The 2-year local, nodal, and locoregional control (LRC) rates for the entire cohort were 82%, 90%, and 77%, respectively; the disease-free and overall survival rates were 75% and 83%, respectively. The ultimate 2-year LRC rate, including salvage surgery, was 86%. Laryngectomy was required in 2 LRC patients needing tracheostoma already before; 2 further LRC patients needed tracheostomy before IMRT and remained tracheostoma dependent, and 3 patients remained feeding tube dependent after IMRT. Salvage laryngectomy was successful in 8 of 11. Of all 123 patients, 91 patients (74%) are locoregionally controlled and live with a functional laryngopharynx.

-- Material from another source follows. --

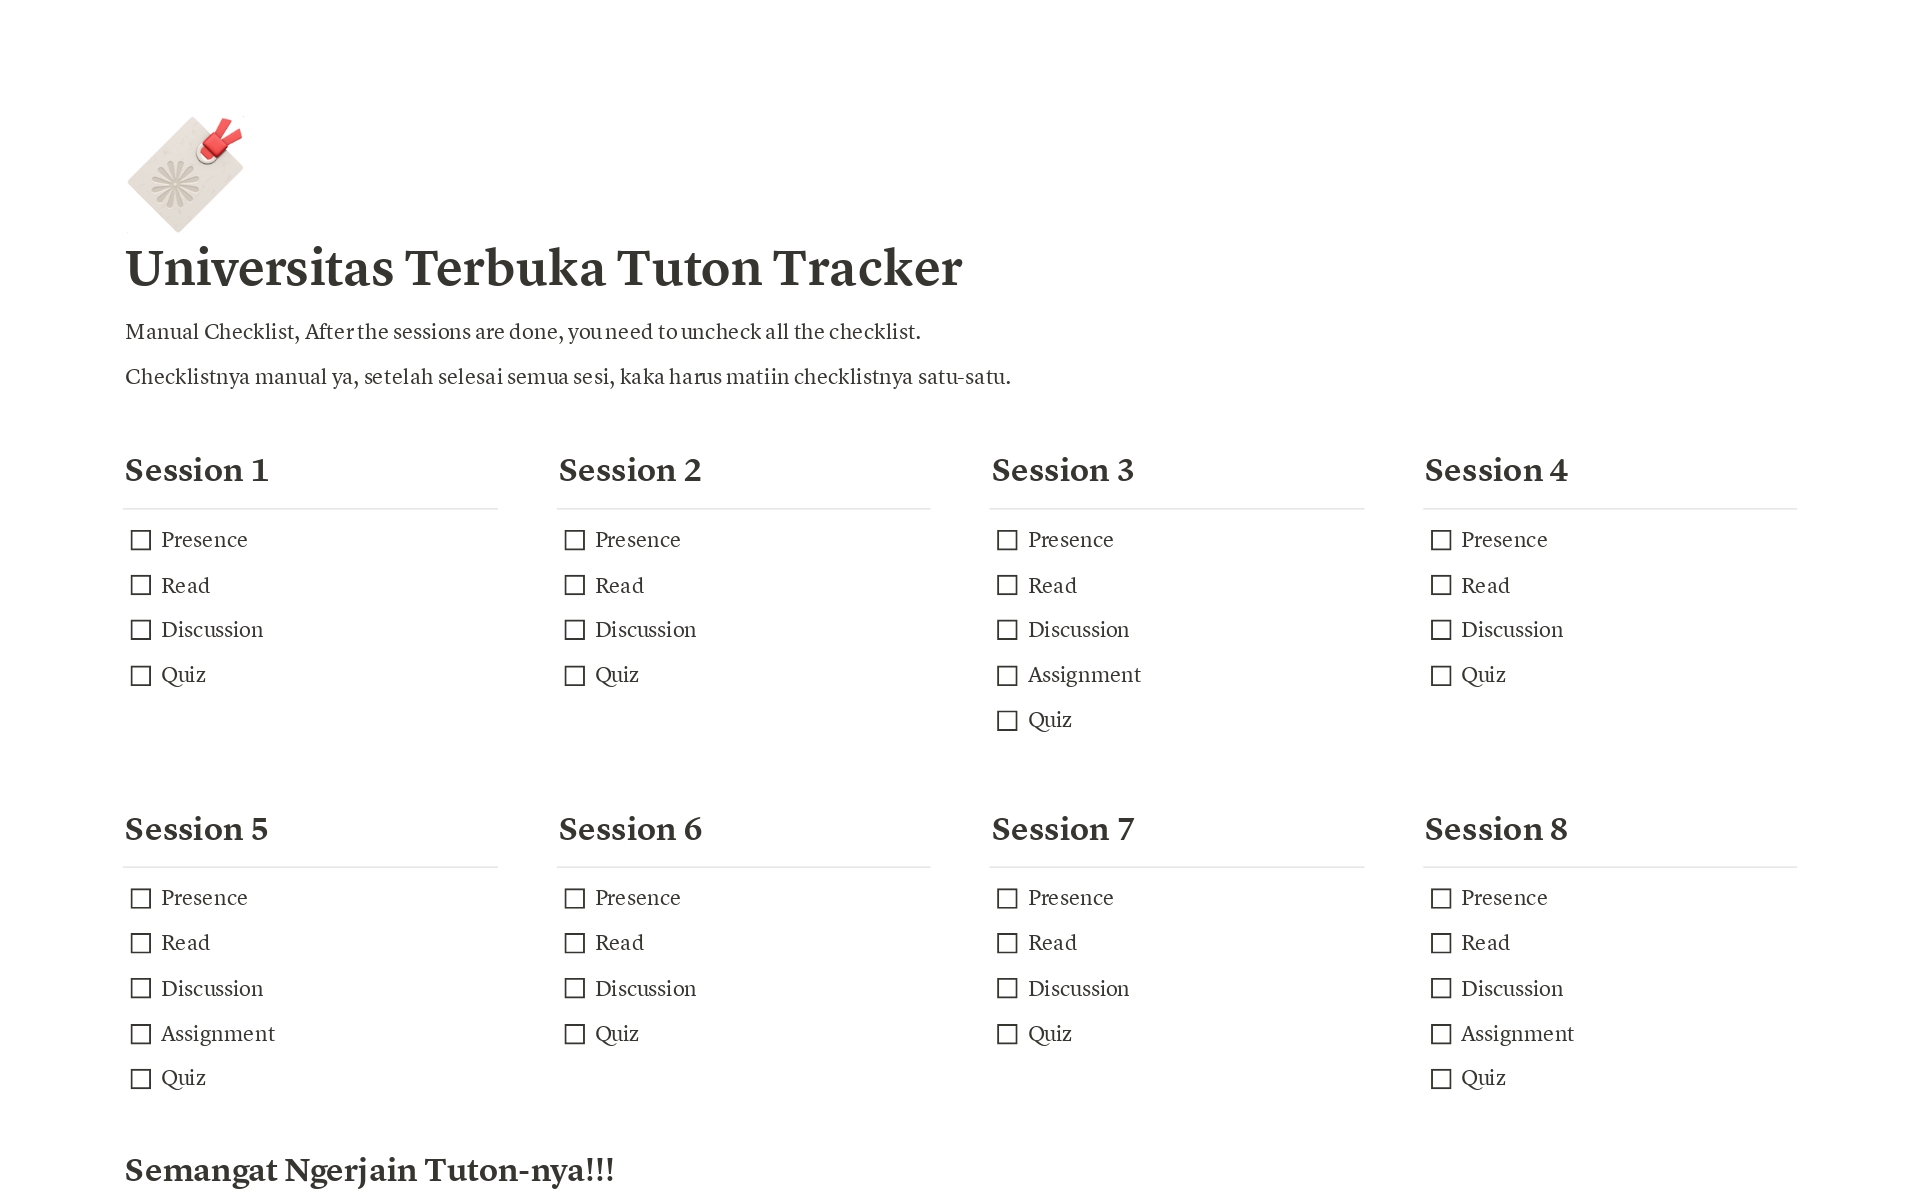 En forhåndsvisning av mal for Tuton Checker for Universitas Terbuka

Simultaneously integrated boost IMRT with limited acceptance of dose inhomogeneity resulted in very satisfactory disease control despite a slight left shift of planning target volume curves on the dose-volume histogram. Considering the treatment tolerance, a careful increase in dose in our patients seems possible. Dose-volume comparisons remain difficult because no international standards have been defined for contouring and volume-related dose distribution.
传统放射技术治疗局部晚期喉癌和下咽癌的疾病控制效果中等,晚期毒性较大。鉴于调强放疗(IMRT)处方剂量缺乏标准化,我们旨在比较同时整合升压 IMRT 方法与已发表结果的结果。
2002 年 3 月至 2008 年 12 月,65 例下咽癌、31 例声门上癌和 27 例局部晚期声门癌患者接受了根治性 IMRT(86%同时接受化疗)。其中 64%为局部晚期疾病。中位随访时间为 26 个月(范围 3-83 个月),中位随访时间为 21 个月。治疗(2.0-2.2Gy/分次,66-72.6Gy)遵循前瞻性定义的方案。如果升压体积包括一半以上的喉部或咽部的重要部分,则剂量限制为 2.0Gy/分次。
整个队列的 2 年局部、区域和局部区域控制(LRC)率分别为 82%、90%和 77%;无疾病和总生存率分别为 75%和 83%。包括挽救性手术在内的最终 2 年 LRC 率为 86%。2 例 LRC 患者在需要气管造口术之前已经需要进行喉切除术;2 例进一步的 LRC 患者在 IMRT 前需要气管造口术,并且仍然依赖于气管造口术,3 例患者在 IMRT 后仍然依赖于饲管。11 例中的 8 例挽救性喉切除术成功。在所有 123 例患者中,91 例(74%)局部控制良好,生活在功能完好的喉咽中。
同时整合升压 IMRT 接受剂量不均匀性的限制,尽管剂量-体积直方图上的计划靶区曲线略有左移,但仍能获得非常满意的疾病控制。考虑到治疗耐受性,在我们的患者中谨慎增加剂量似乎是可能的。由于尚未为轮廓和体积相关剂量分布定义国际标准,因此剂量-体积比较仍然困难。